Summertime on the Lake

 

This isn’t the lost post. I suspect it’s hiding somewhere just behind my monitor … sniggering!

… this one was prompted by a friend asking me how my summer on the Lake was going …

 

Summer on the Widderlake is full of people . . . where did they all come from? … they’re like locusts!

An armada of giant SUV’s towing speedboats, floatation devices of various shapes, hues and sizes, males with towels in one hand and beers in the other, females in bikinis and flip-flops and sunglasses, children screeching in delight … all marching by my window on their way to the lake!

. . . I mean! How dare they intrude on my seclusion?

I’m not one of these people who can sit down and write furiously for a few minutes at a time, in between chores, or kids, or whatever. I don’t think my synapses fire that-a-way. Although I do write fast, I need at least an hour of uninterrupted time to get going. I tried smaller blocks, but ended up deleting most of what I wrote. It’s a question of rhythm I suppose.
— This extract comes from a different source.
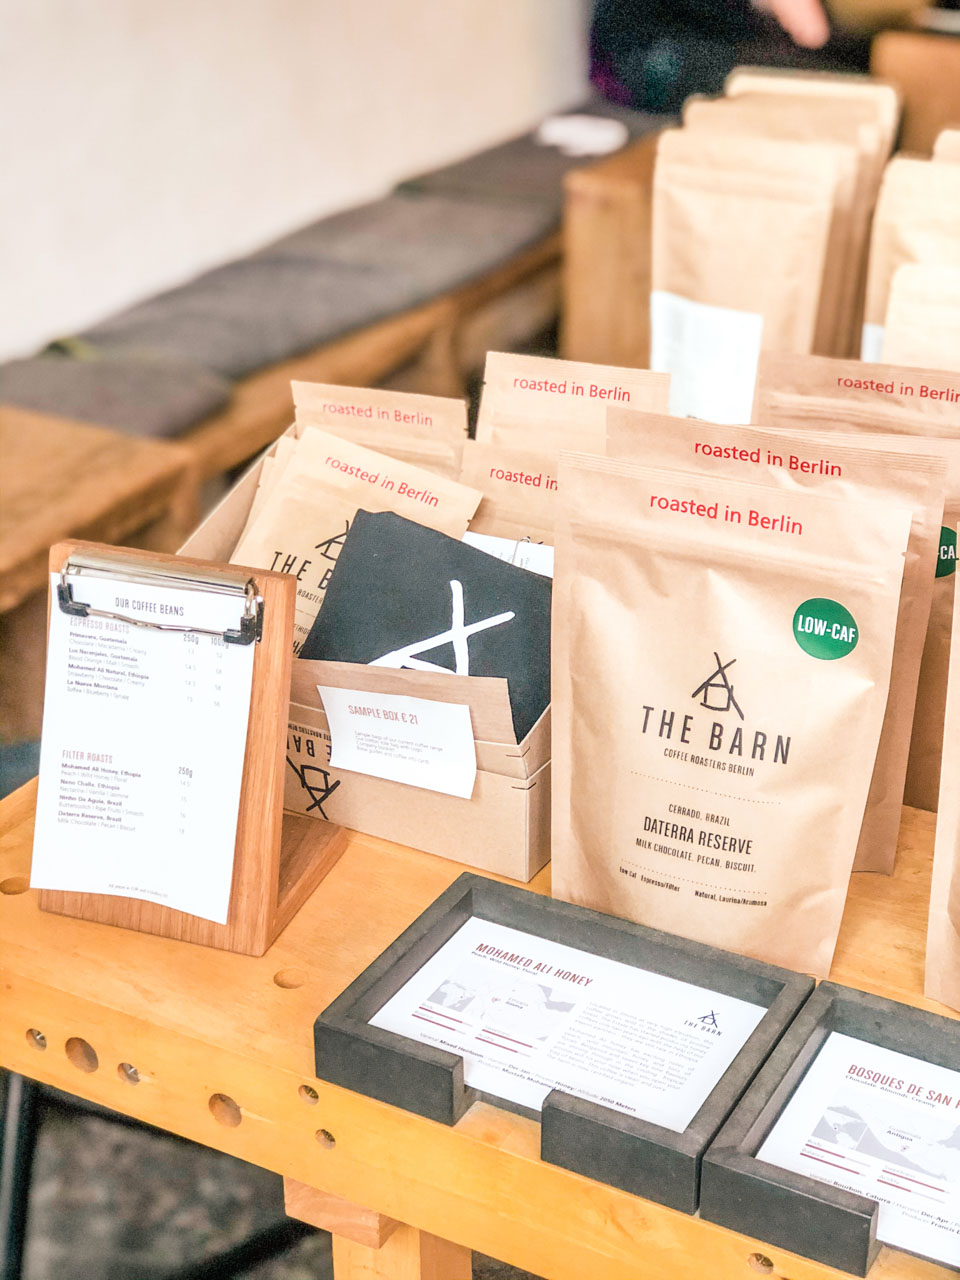 Sample bags of specialty coffee beans on a wooden table at The Barn Coffee Roastery in Berlin
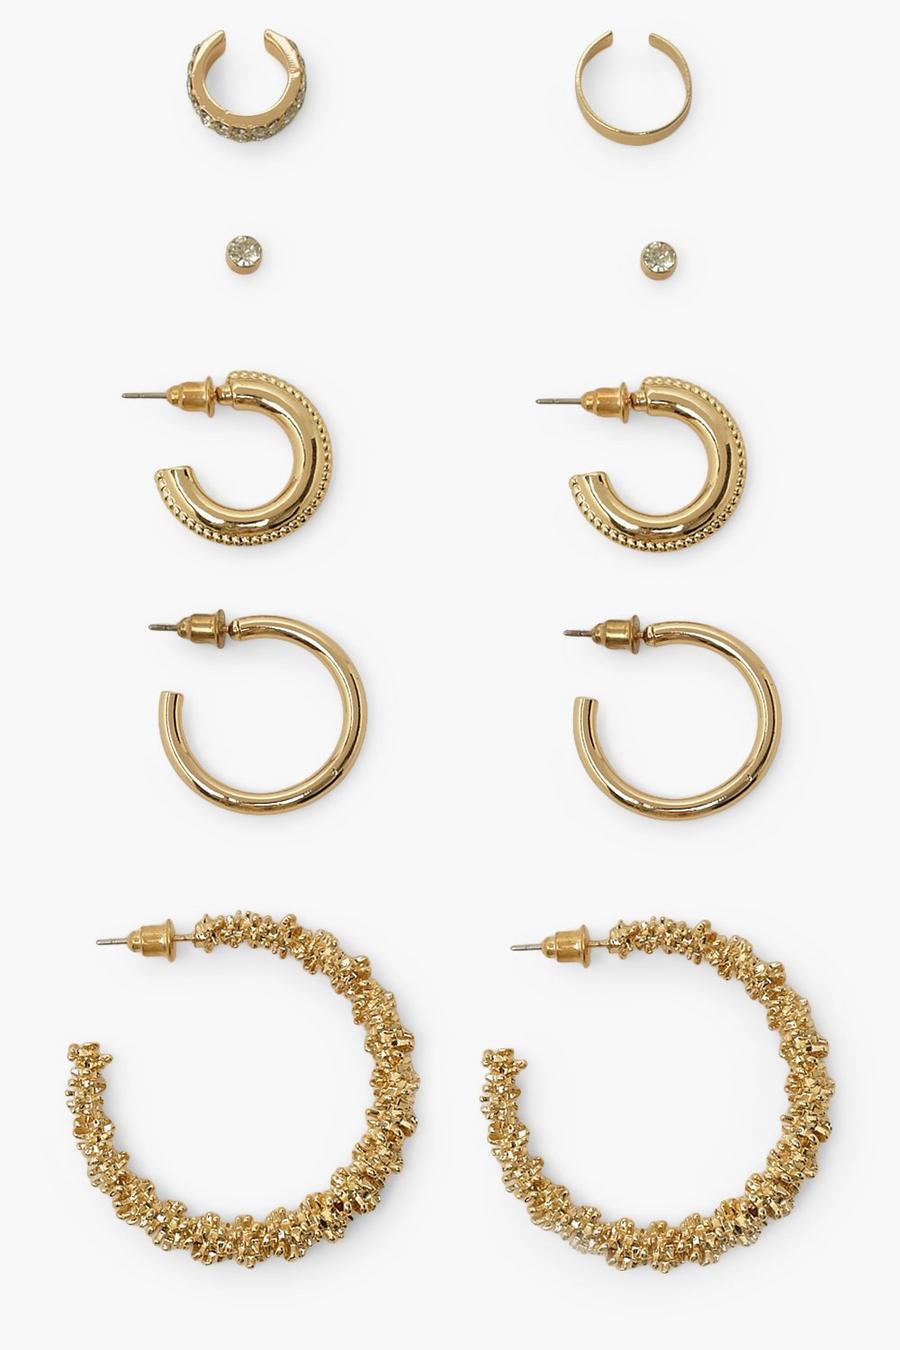 Gold metallic Textured Mix Hoop Earing Pack With Cuffs

Our writing studio is in the nicest, and front, room of our little house, and faces the main thoroughfare down to the lake. This is the best place to write throughout the year, except for right about now.

Oh the horror of it all!

A writers worst dilemma – being confronted by people enjoying themselves!

There’s only one thing to be done. A drastic option I know, but sometimes hard choices have to be made.

I shall pour myself a bracing beverage, dress appropriately, and crash the party!

*

“There are certainly times when my own everyday life seems to retreat so the life of the story can take me over. That is why a writer often needs space and time, so that he or she can abandon ordinary life and “live” with the characters”Margaret Mahy, prolific NZ children’s author. 1936 – 23rd July,2012 (bon voyage Margaret)

 

Margaret Mahy-photo by Steven McNicholl

 

… one more that I couldn’t resist, from Liz and John Dickens’ lad, Chucky …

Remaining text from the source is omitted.